For some reason, though, summer’s bookends—Memorial Day and Labor Day—were the ones that really got to me as an alcoholic. New Year’s Eve? Child’s play. Summer’s kickoff was where the real drinking was supposed to happen. Drinking was encouraged, like water was for marathon runners. And it’s no mystery why: Memorial Day is an awakening as much as Labor Day is a putting-to-bed of warm weather and backyard barbecues. Memorial Day truly got me fired up. Even now, thinking about it quickens the pulse a little bit. It’s a holiday weekend that’s full of promise—the entire summer yawned ahead of everyone, marked with graduation parties, picnics and backyard barbecues. As Americans, Memorial Day is embroidered on us in images: checkered tablecloths, serving trays stacked with hot dogs, grilling tongs. And beer. Lots and lots of beer.

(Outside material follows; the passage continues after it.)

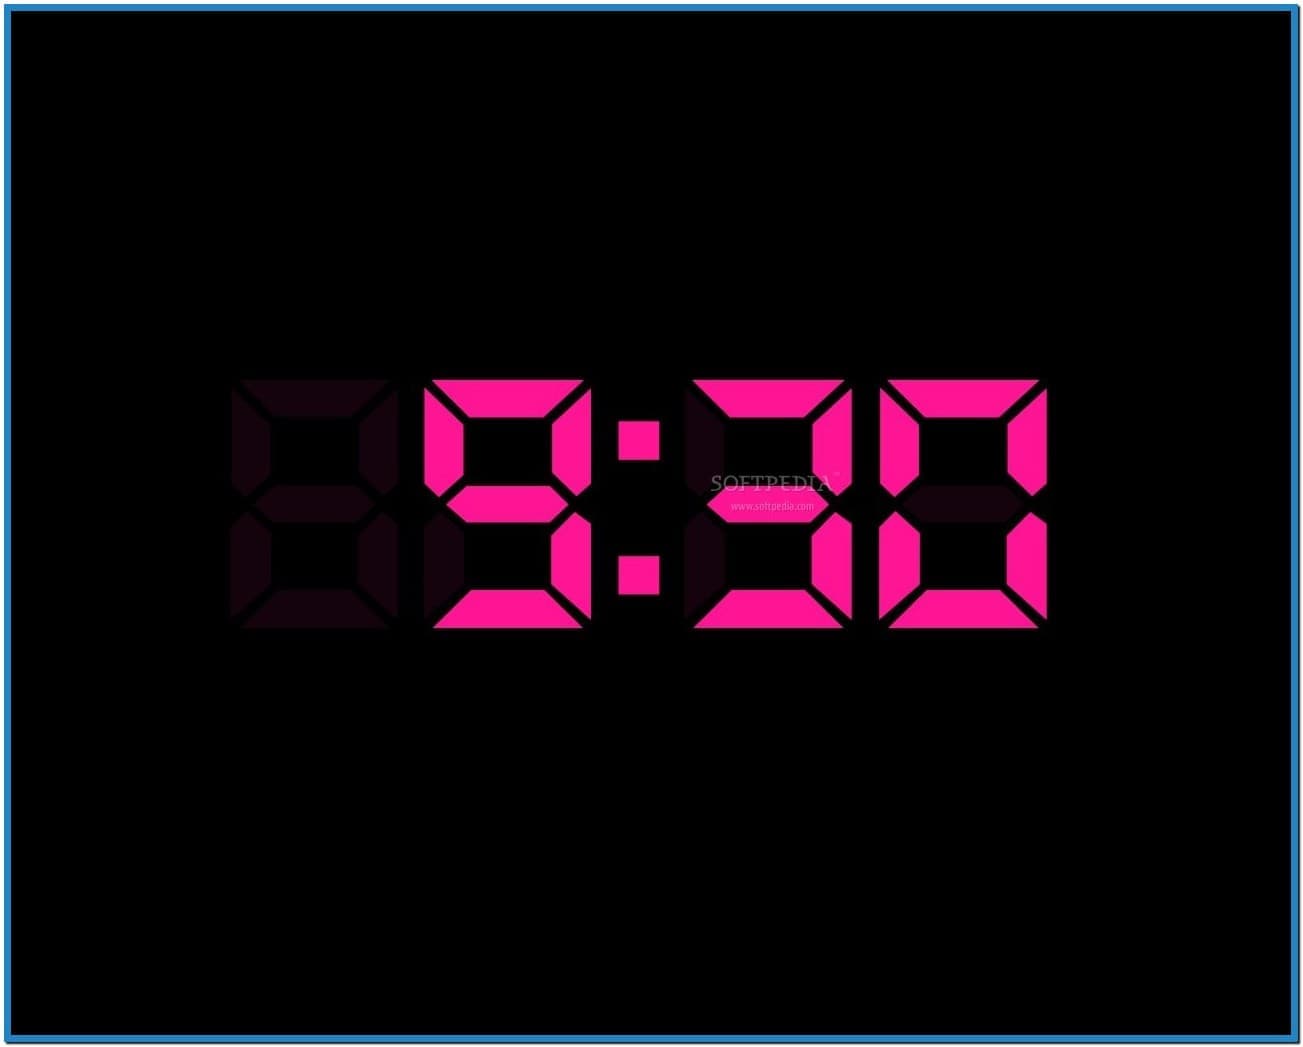 Digital clock screensaver for desktop   Download free
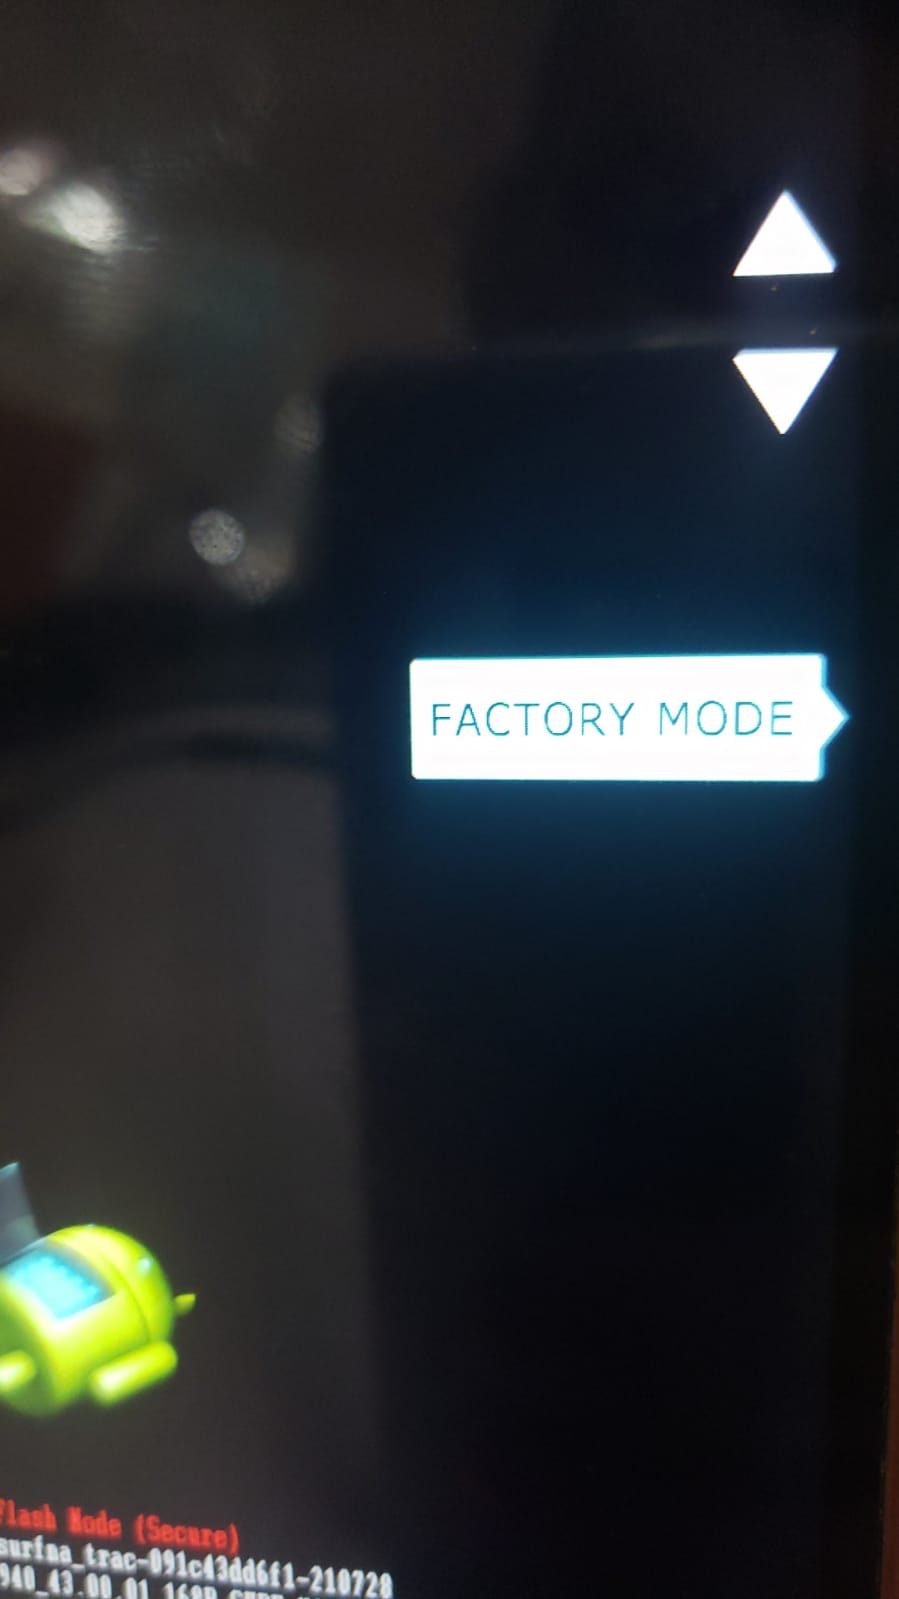 modo factory mode

I threw myself into Memorial Day like no other three-day weekend. July Fourth was for suckers. I made sure we had a cookout, friends over to the house, a fire in the backyard and a cooler stocked with beer. Eventually, a whiskey bottle would start getting tucked into the ice. What’s clear to me now is that I was stocking the weekend with people, like actors, and not friends. Other people became excuses for me to drink. And the people around me drank. I made sure of that. I always managed to pull other drinkers in like I was a black hole collapsing with my own gravity. They had no chance of escape. I didn’t bend light or time—I just bent what the term “friendship” meant.

This collection of vintage liquor ads does a great job demonstrating how Memorial Day got mixed up with drinking. They’re startling in how sincere, pure and Norman Rockwellian they are. It’s almost hard to fathom, but drinking ads have been around since just post-World War II. Apparently, a trade group known as the United States Brewers Foundation made a huge marketing push in the 1940s and 1950s to bolster America’s attitudes toward beer. Alcohol companies soon followed. The best is the whiskey ad with a dapper gentleman grilling one giant steak in a three-piece suit, with two similarly dressed friends sitting behind him drinking. I have to assume his friends weren’t getting a steak. Open up any cooking magazine in May and you’ll see just as many recipes for cocktails as you will for potato salad.

Memorial Day festivities are usually a far cry from what the day is actually about. There are always a scattering of Facebook posts from friends trying to remind others what Memorial Day means in all the same ways people try to remind me the true meaning of Christmas. For anyone out there who’s forgotten what we’re supposed to be doing on Memorial Day, it’s about remembering the veterans in the US armed forces who died while serving. In sobriety, I’m clear-headed about what most holidays mean (St. Patrick’s Day: the jury’s still out on you). But Memorial Day has gotten diluted and that’s pretty damn sad when I stop to think about it. I’m a recovering alcoholic who used a holiday that’s about remembering fallen veterans to remember nothing at all. I was celebrating excess and getting lost in myself rather than any memory or sense of national pride.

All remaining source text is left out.